Dataset excerpt START

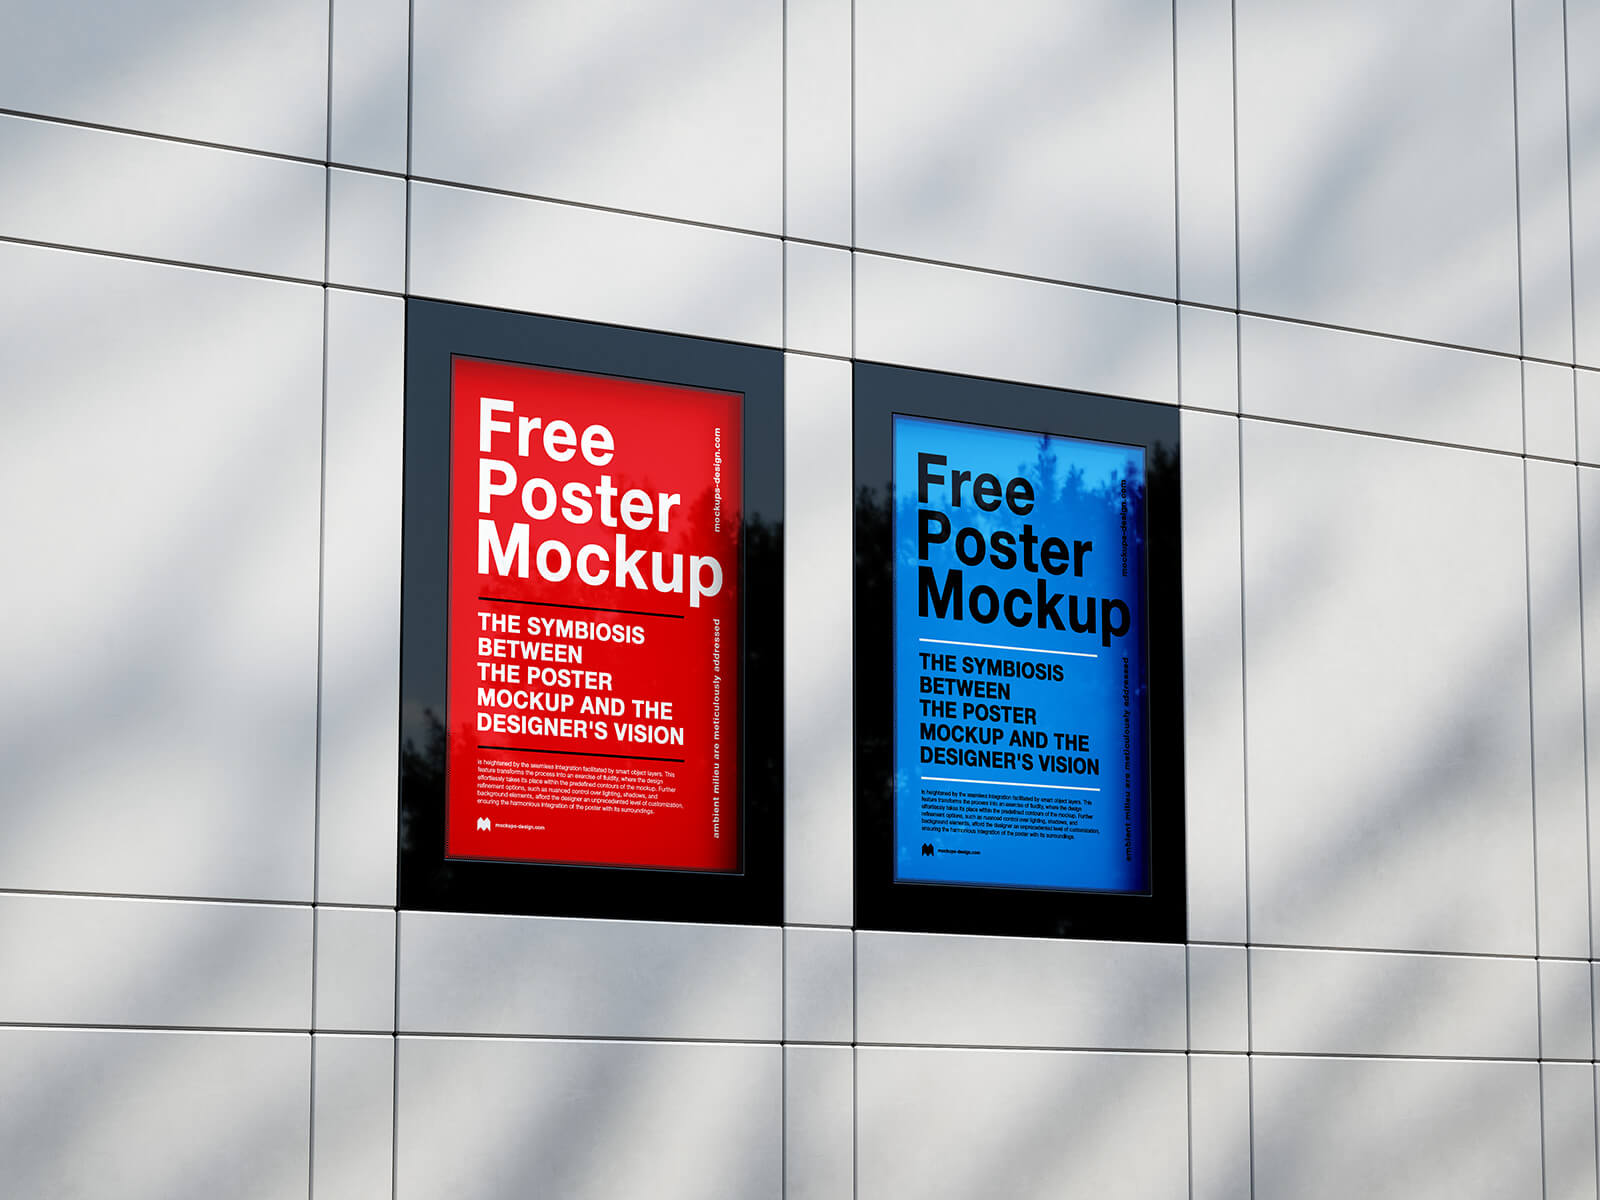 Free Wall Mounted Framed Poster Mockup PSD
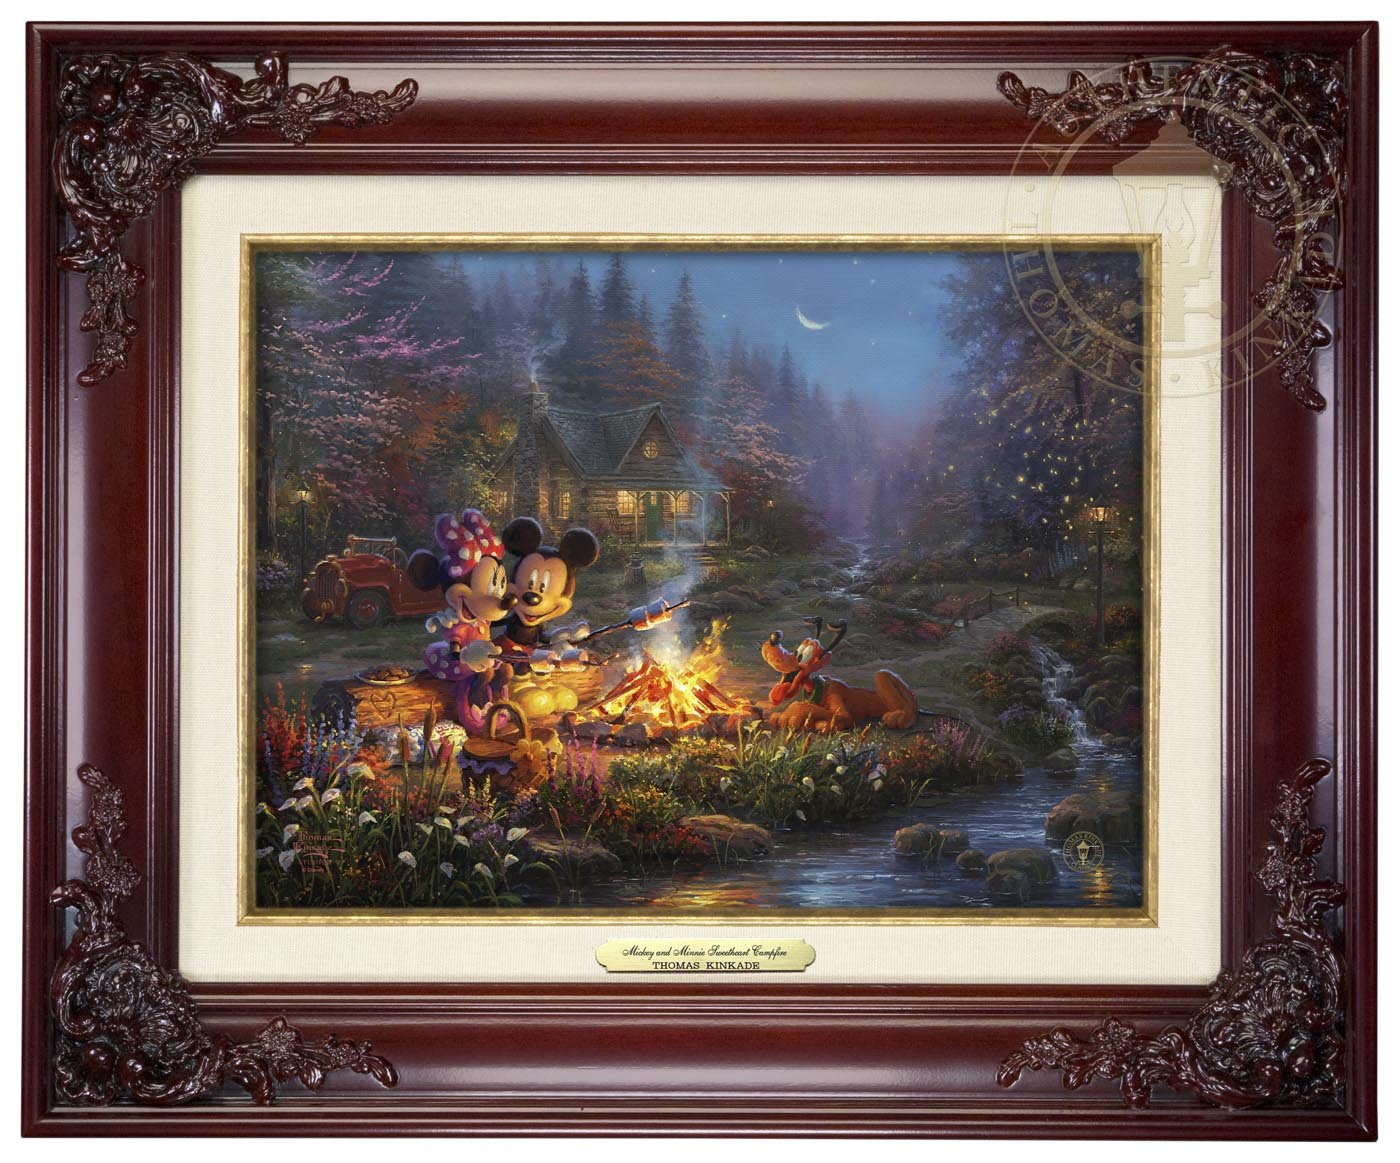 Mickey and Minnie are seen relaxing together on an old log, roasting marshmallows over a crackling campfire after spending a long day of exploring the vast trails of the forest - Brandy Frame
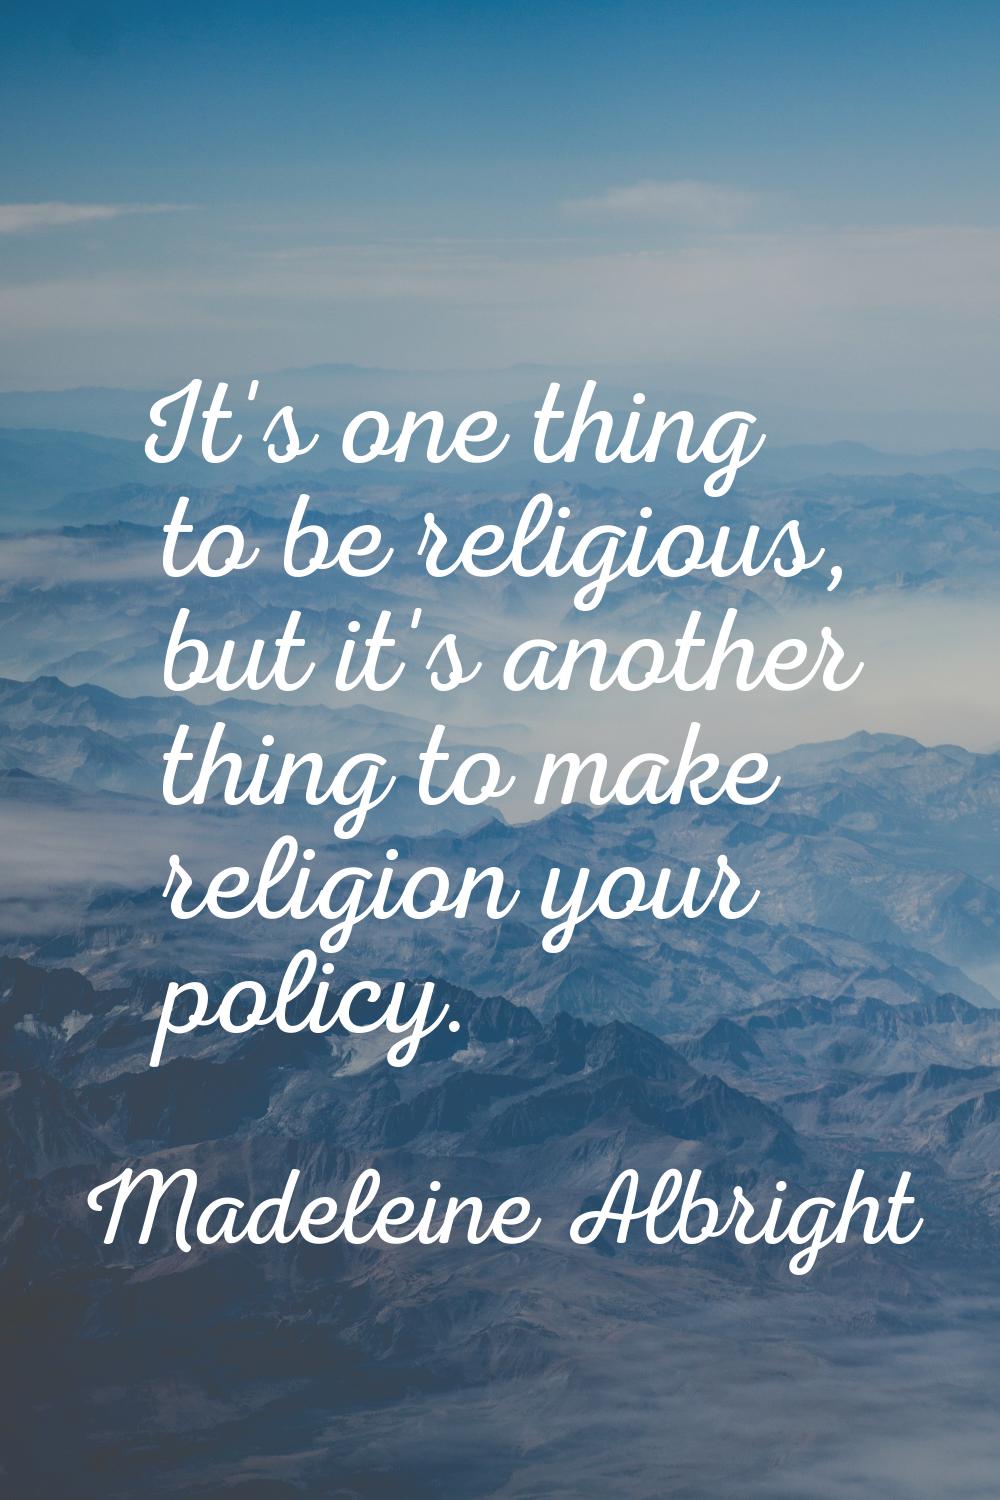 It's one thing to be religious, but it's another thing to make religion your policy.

Dataset excerpt END

● Your task
Output, word for word, the full listing above, with no pictures.

● Result of the exercise
 Free Wall Mounted Framed Poster Mockup PSD
 Mickey and Minnie are seen relaxing together on an old log, roasting marshmallows over a crackling campfire after spending a long day of exploring the vast trails of the forest - Brandy Frame
 It's one thing to be religious, but it's another thing to make religion your policy.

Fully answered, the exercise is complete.